The Security > Bayesian submenu lets you manage the databases used to store statistical information for Bayesian antispam processing, and to configure the email addresses used for remote control and training of the Bayesian databases.

To use a Bayesian database, you must enable the Bayesian scan in the antispam profile. For more information, see Managing antispam profiles.

This section contains the following topics:

Types of Bayesian databases
Training the Bayesian databases
Example: Bayesian training
Backing up, batch training, and monitoring the Bayesian databases
Configuring the Bayesian training control accounts

Types of Bayesian databases

FortiMail units have two types of Bayesian databases:

Global
Group

All types contain Bayesian statistical data that can be used by Bayesian scans to detect spam, and should be trained in order to be most accurate for detecting spam within their respective scopes. For more information on training each type of Bayesian database, see Training the Bayesian databases.

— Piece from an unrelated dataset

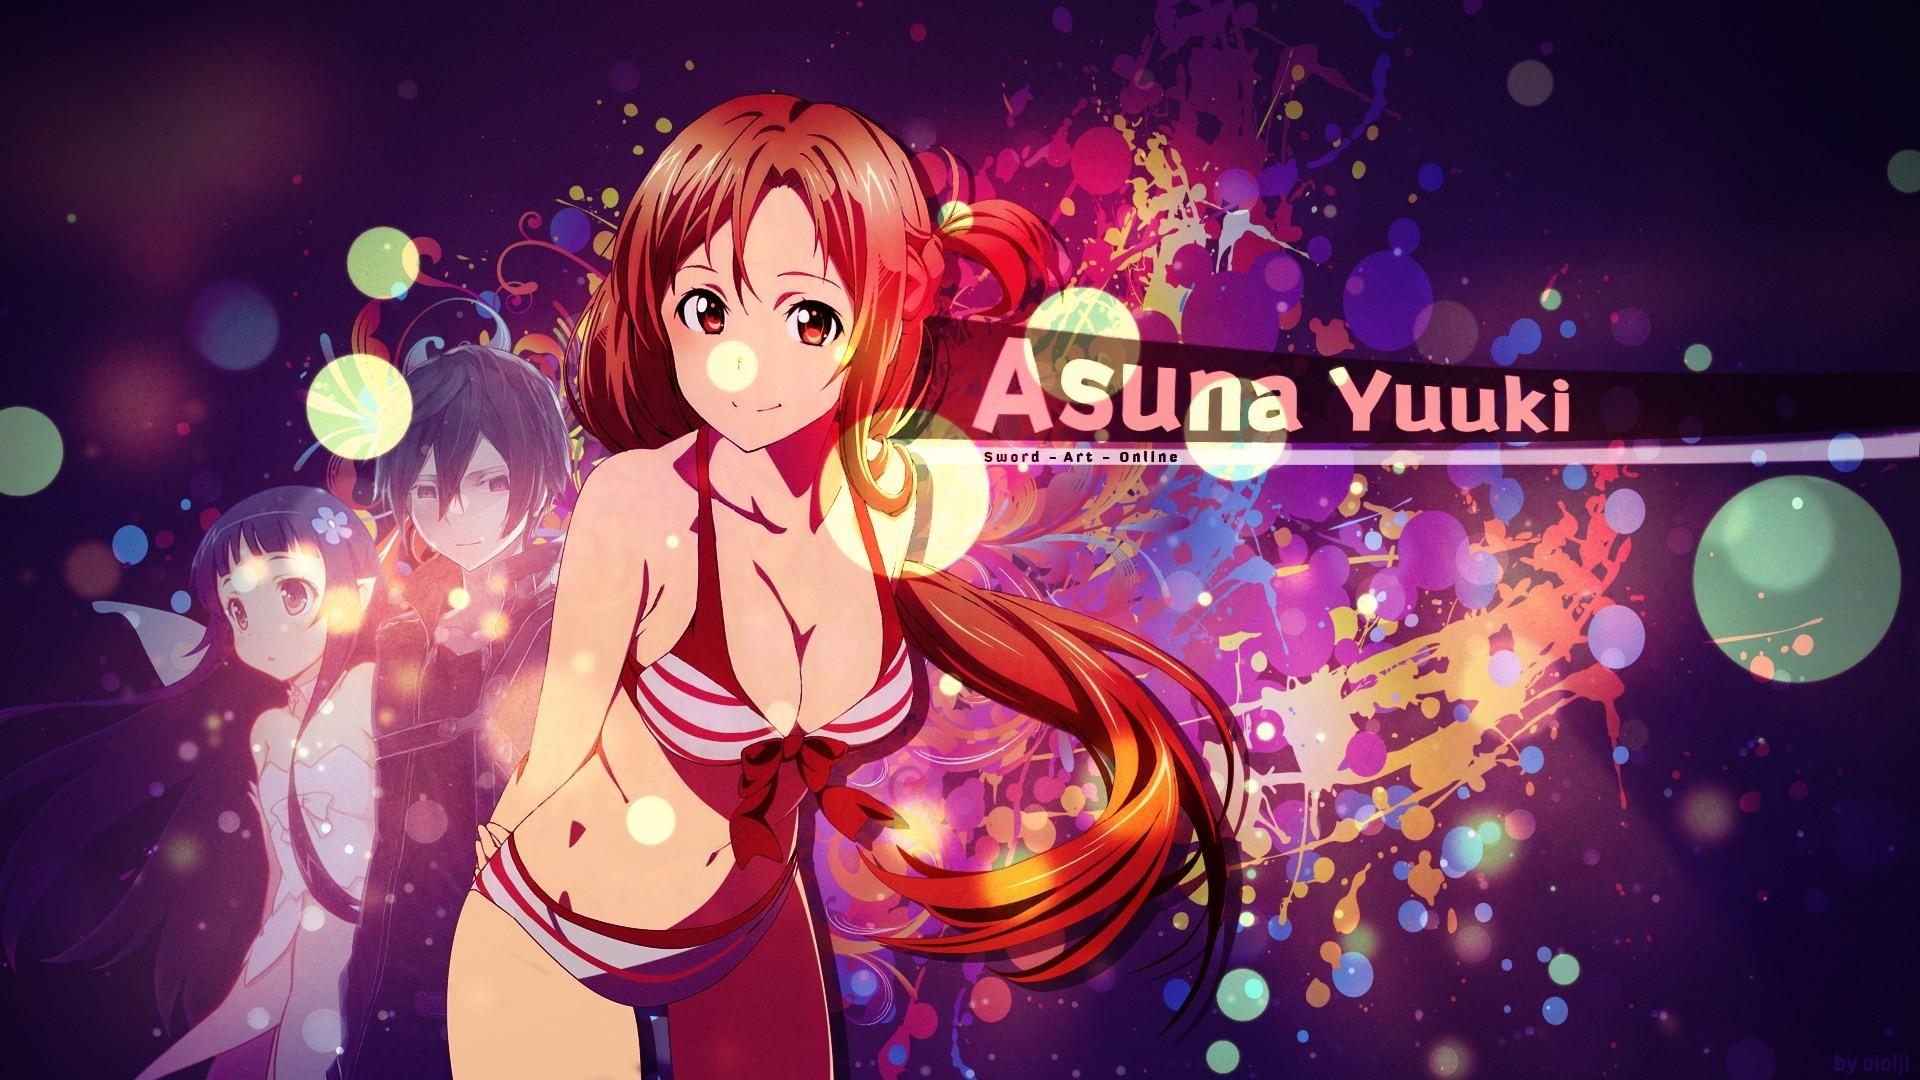 3840x1200 Wallpaper Asuna Yuuki Sword Art Online Ii

Only one Bayesian database is used by any individual Bayesian scan; which type will be used depends on the directionality of the email and your configuration of the FortiMail unit’s protected domains and antispam profiles. For information, see Use global Bayesian database.

Global

The global Bayesian database is a single database that contains Bayesian statistics that can be used to detect spam for any email user.

Outgoing antispam profiles can use only the global Bayesian database. Incoming antispam profiles can use global or domain Bayesian databases.

If all spam sent to all protected domains has similar characteristics and you do not require your Bayesian scans to be tailored specifically to the email of a protected domain, using the global database for all Bayesian scanning may be an ideal choice, because there is only one database to train and maintain.

For email that does not require use of the global database, if you want to use the global database, you must disable use of the per-domain Bayesian databases. For information on configuring protected domains to use the global Bayesian database, see Use global Bayesian database.

Group

Group Bayesian databases, also known as per-domain Bayesian databases, contain Bayesian statistics that can be used to detect spam for email users in a specific protected domain. FortiMail units can have multiple group Bayesian databases: one for each protected domain.

If you require Bayesian scans to be tailored specifically to the email received by each protected domain, using per-domain Bayesian databases may provide greater accuracy and fewer false positives.

For example, medical terms are a common characteristic of many spam messages. However, those terms may be a poor indicator of spam if the protected domain belongs to a hospital. In this case, you may want to train a separate, per-domain Bayesian database in which medical terms are not statistically likely to indicate spam.

If you want to use a per-domain database, you must disable use of the global Bayesian databases. For information on disabling use of the global Bayesian database for a protected domain, see Use global Bayesian database.

Training the Bayesian databases

Bayesian scans analyze the words (or “tokens”) in an message header and message body of an email to determine the probability that it is spam. For every token, the FortiMail unit calculates the probability that the email is spam based on the percentage of times that the word has previously been associated with spam or non-spam email. If a Bayesian database has not yet been trained, the Bayesian scan does not yet know the spam or non-spam association of many tokens, and does not have enough information to determine the statistical likelihood of an email being spam. By training a Bayesian database to recognize words that are and are not likely to be associated with spam, Bayesian scans become increasingly accurate.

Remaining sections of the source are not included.